Julie Bender, president of the DIA Partnership, has made many business trips to Dallas/Fort Worth and Las Colinas in Irving, Texas. Each time she comes back more in awe and with more of a vision of what Denver can do in the future.

"I'm amazed how real estate and how business-oriented D/FW is," Bender said. "At most airports, people get on planes and they take off, and everyone is happy."

Rick Pilgrim, vice president of transportation in the Denver office at URS, which -often is listed as the nation's largest engineering firm, agrees.

"For me, it was a revelation," Pilgrim said. "The way Dallas treats their airport is that it is not an airport.

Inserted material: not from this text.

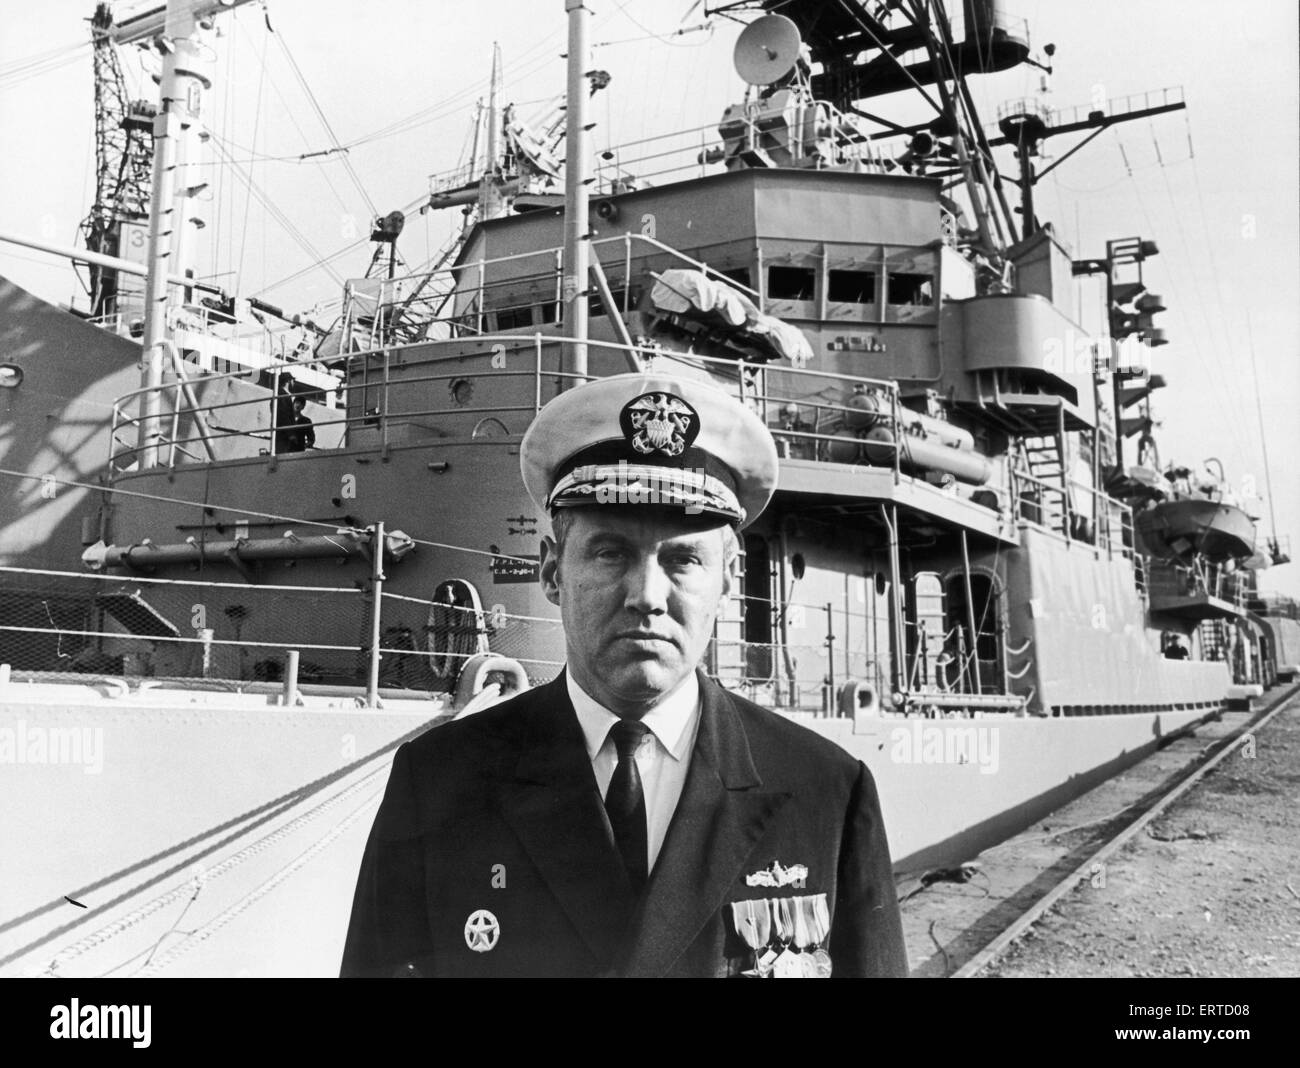 El Comandante Lloyd H Adams, capitán de la nave USS Barry Sherman destructor de clase que está de visita en Middlesbrough como parte del Festival del Capitán James Cook. 23 de octubre de 1978 Foto de stock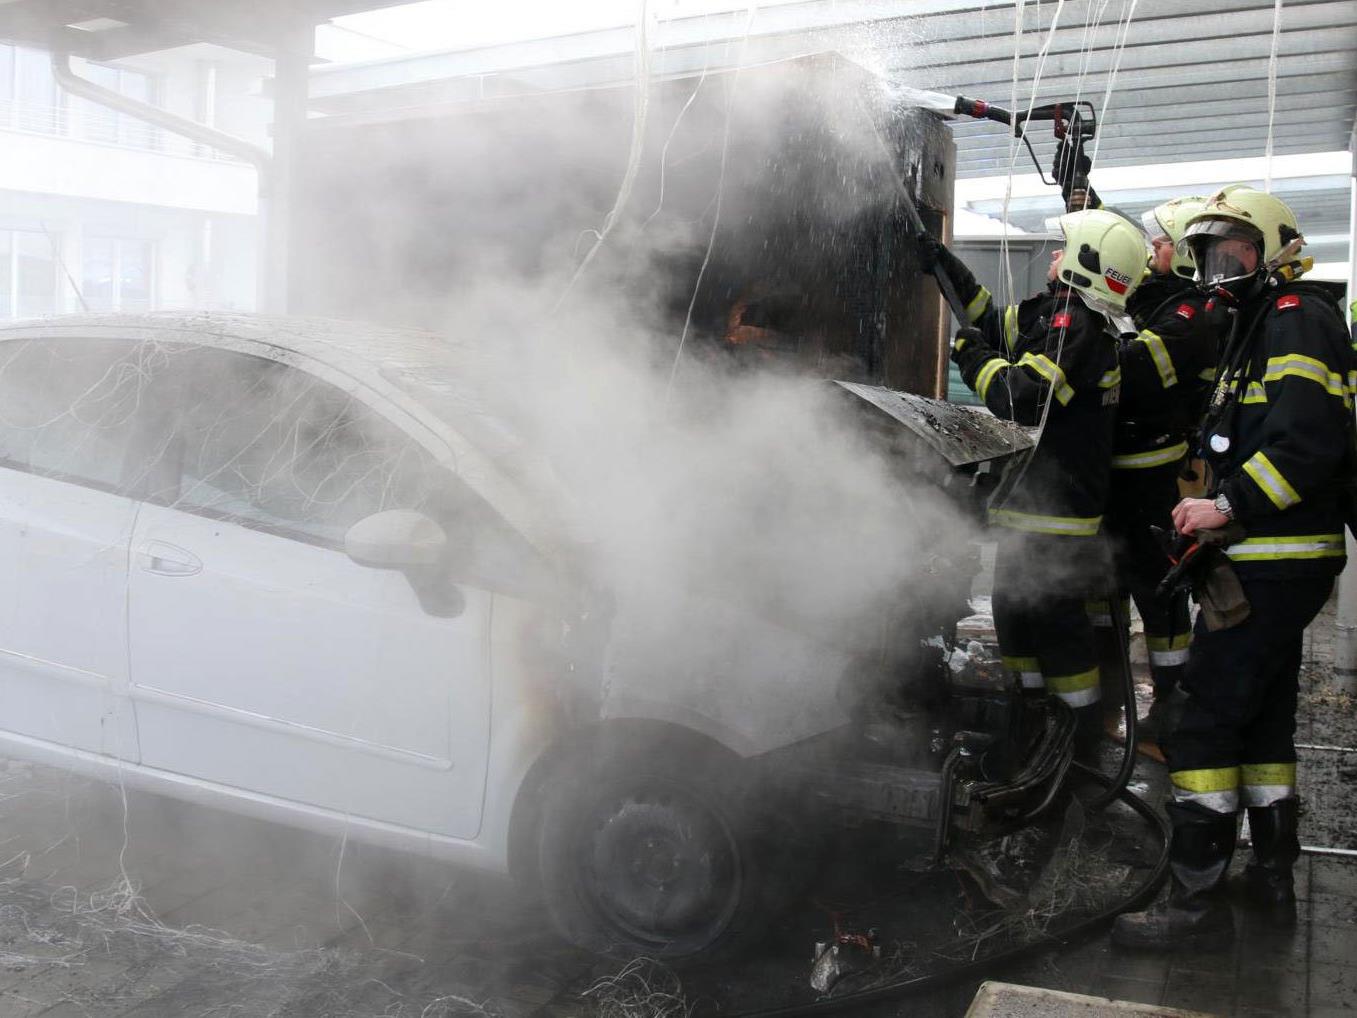 Warum das Auto unter den Carport zu brennen begann, ist unklar.

It's a business. They just run it like a business. It's a business where they just happen to land some airplanes once in awhile."

But as any Denverite who has traveled to Dallas can tell you, the city has its share of problems.

At a recent Urban Land Institute meeting in Denver, local developer Will Fleisig of Continuum Partners warned that Denver is in danger of becoming another Dallas, with all of its sprawl and traffic congestion, if the area doesn't embrace transportation solutions such as FasTracks.

While people in the Denver area have shown a great affinity for the southwest light-rail line, Dallas residents may not show the same enthusiasm for public transportation.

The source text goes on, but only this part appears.